Activity:
The result should be the listing below, restated exactly, with its pictures left out.

(Source data Opens)

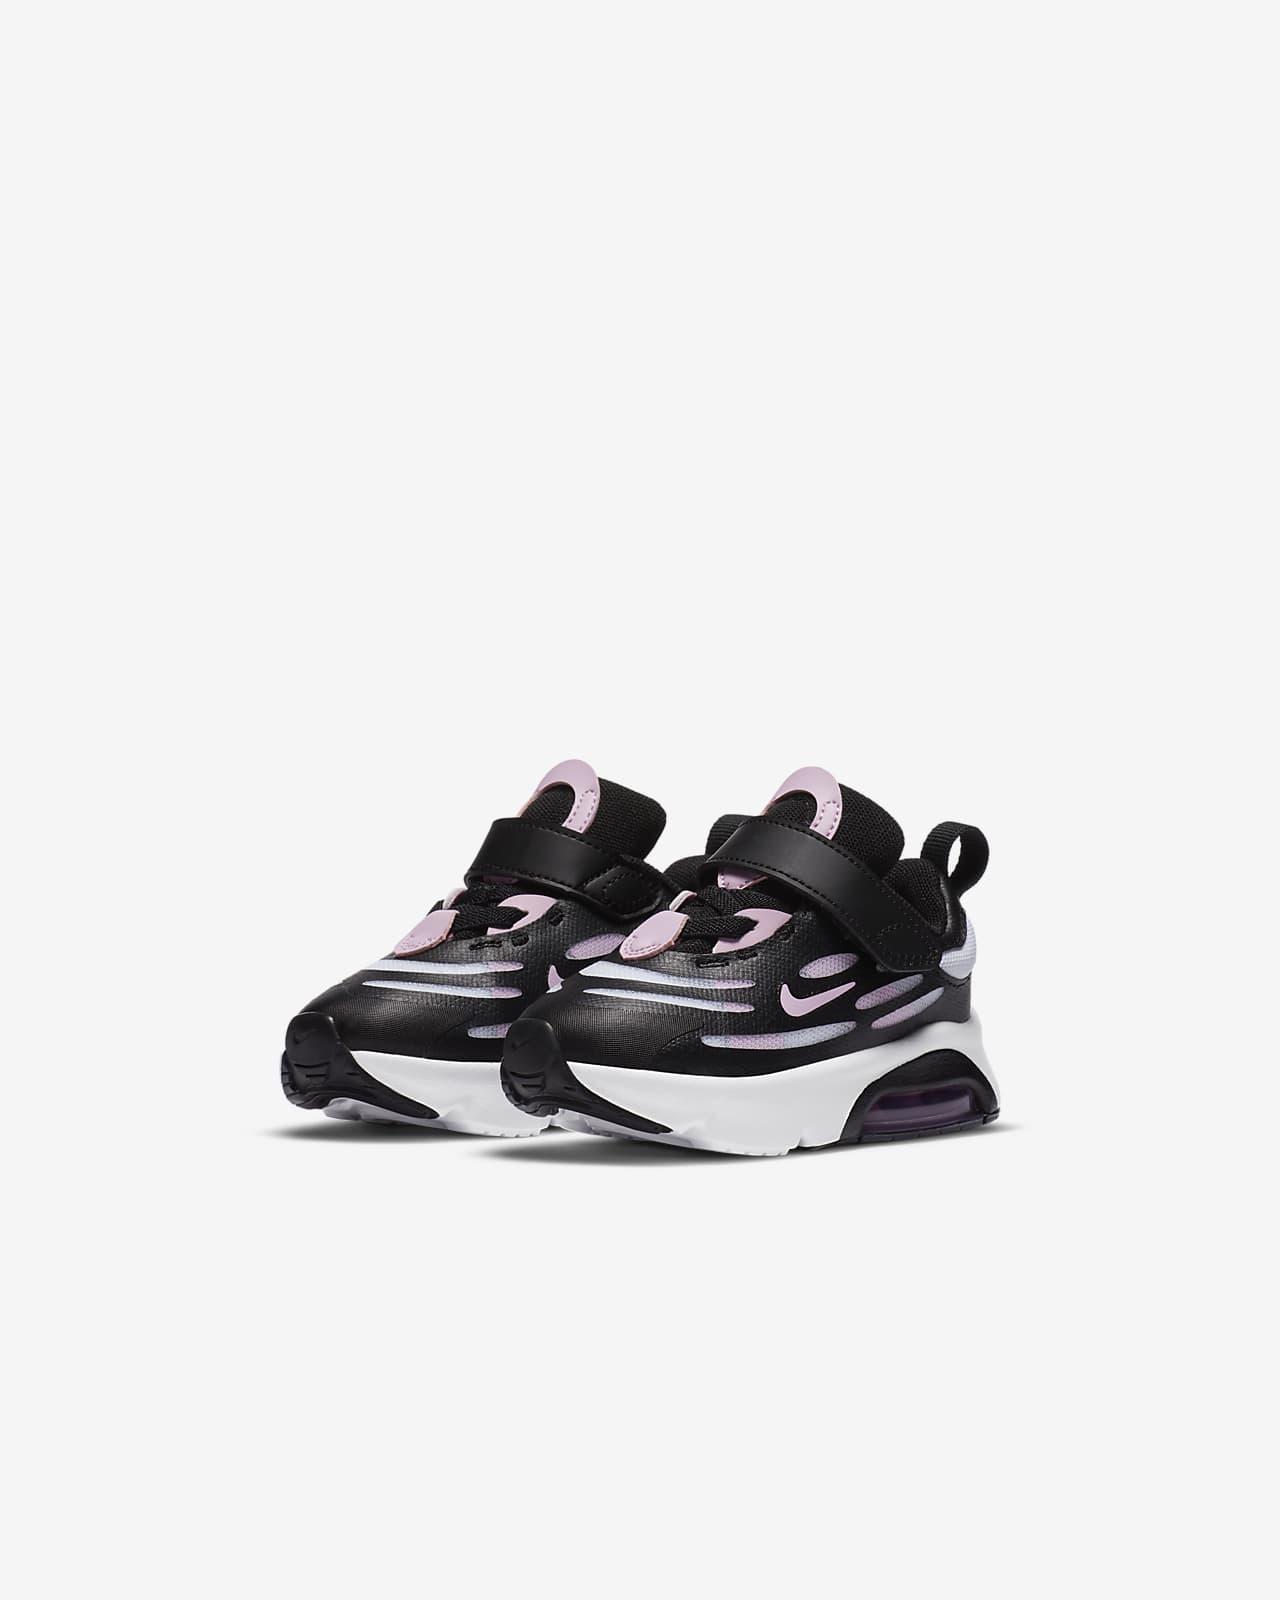 Nike Air Max Exosense Baby and Toddler Shoe. Nike LU
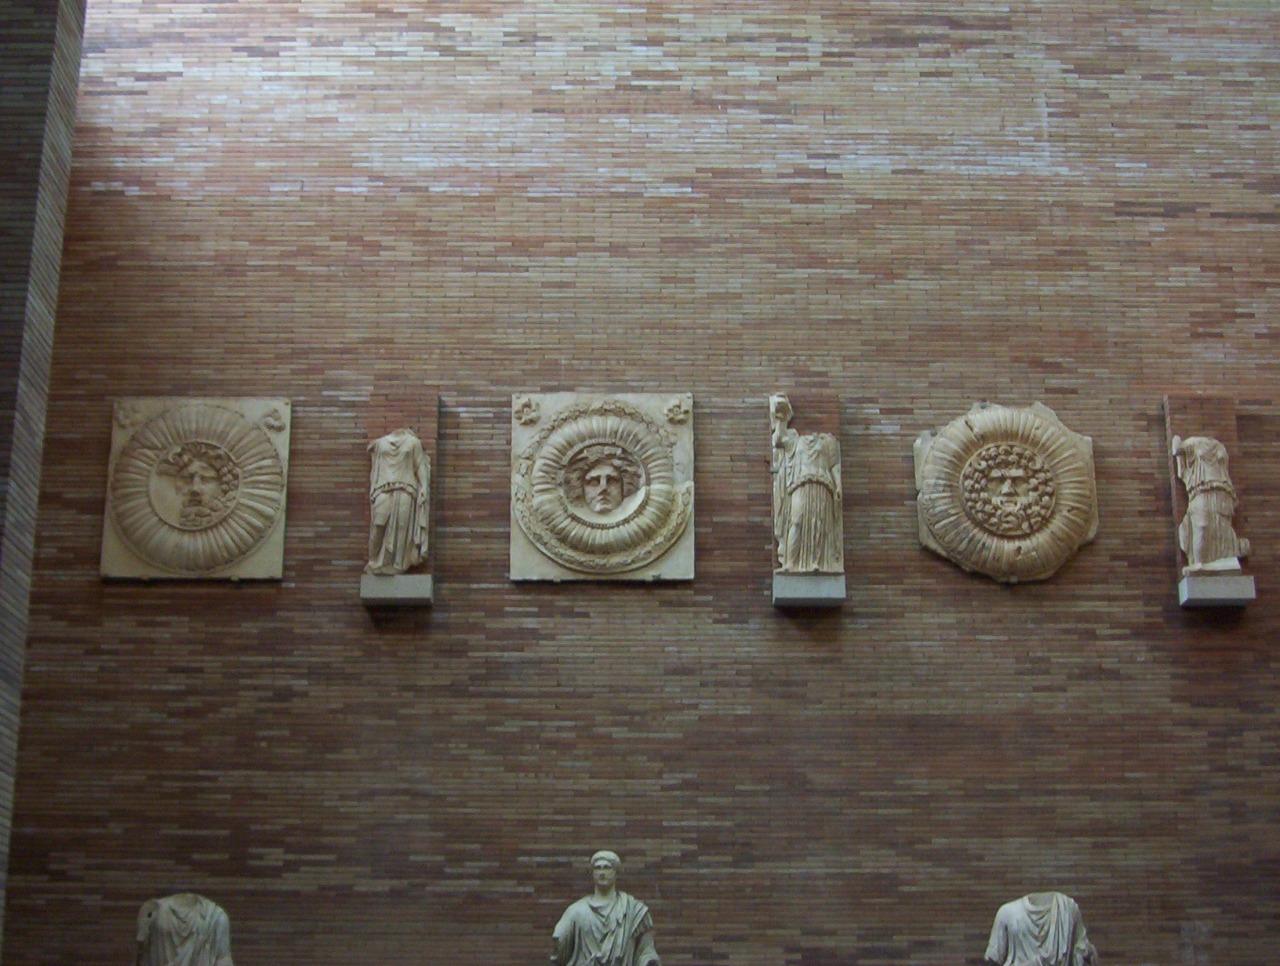 clípeos en museo romano en merida
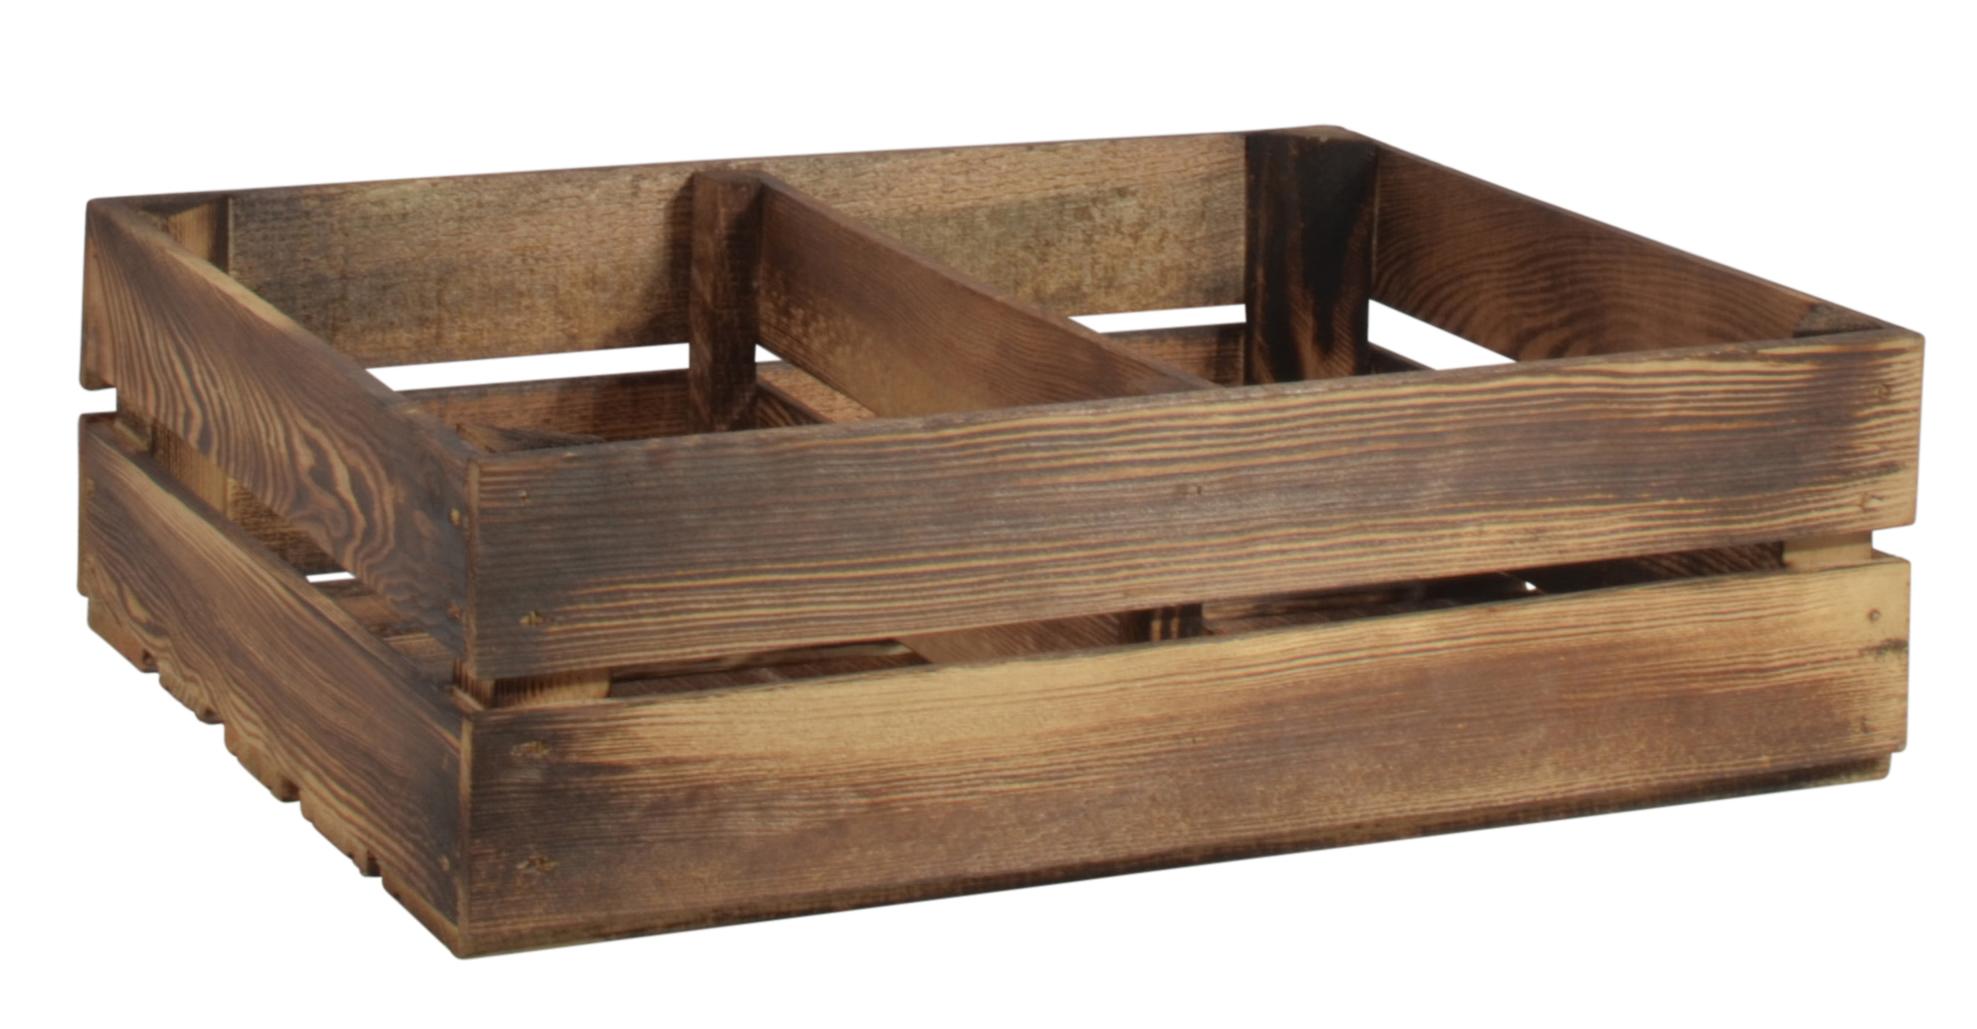 Holzkiste Schmalhanz Geflammt 50x40x15cm Kurzes Regal Gewürzregal Bücherregal
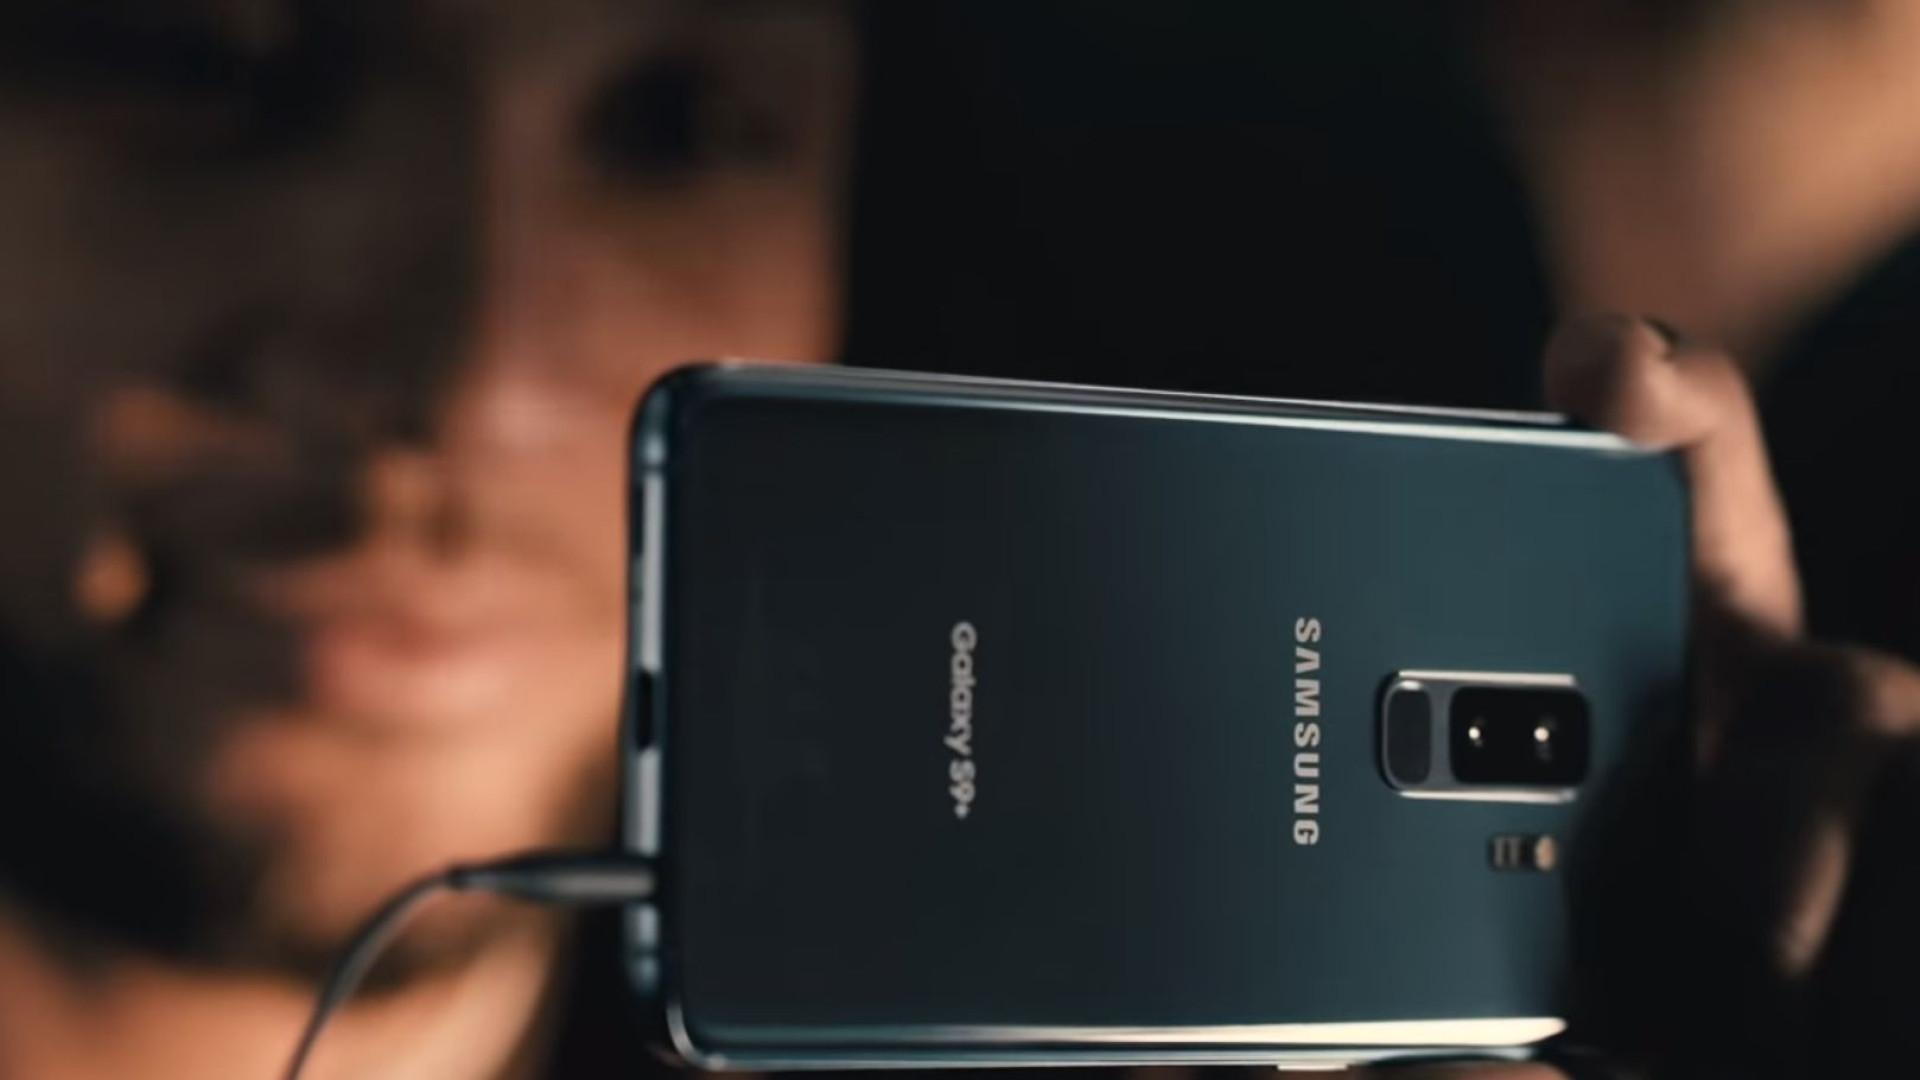 Samsung volta a 'atacar' Apple em novo anúncio

(Source data Closes)

Answer section:
 Nike Air Max Exosense Baby and Toddler Shoe. Nike LU
 clípeos en museo romano en merida
 Holzkiste Schmalhanz Geflammt 50x40x15cm Kurzes Regal Gewürzregal Bücherregal
 Samsung volta a 'atacar' Apple em novo anúncio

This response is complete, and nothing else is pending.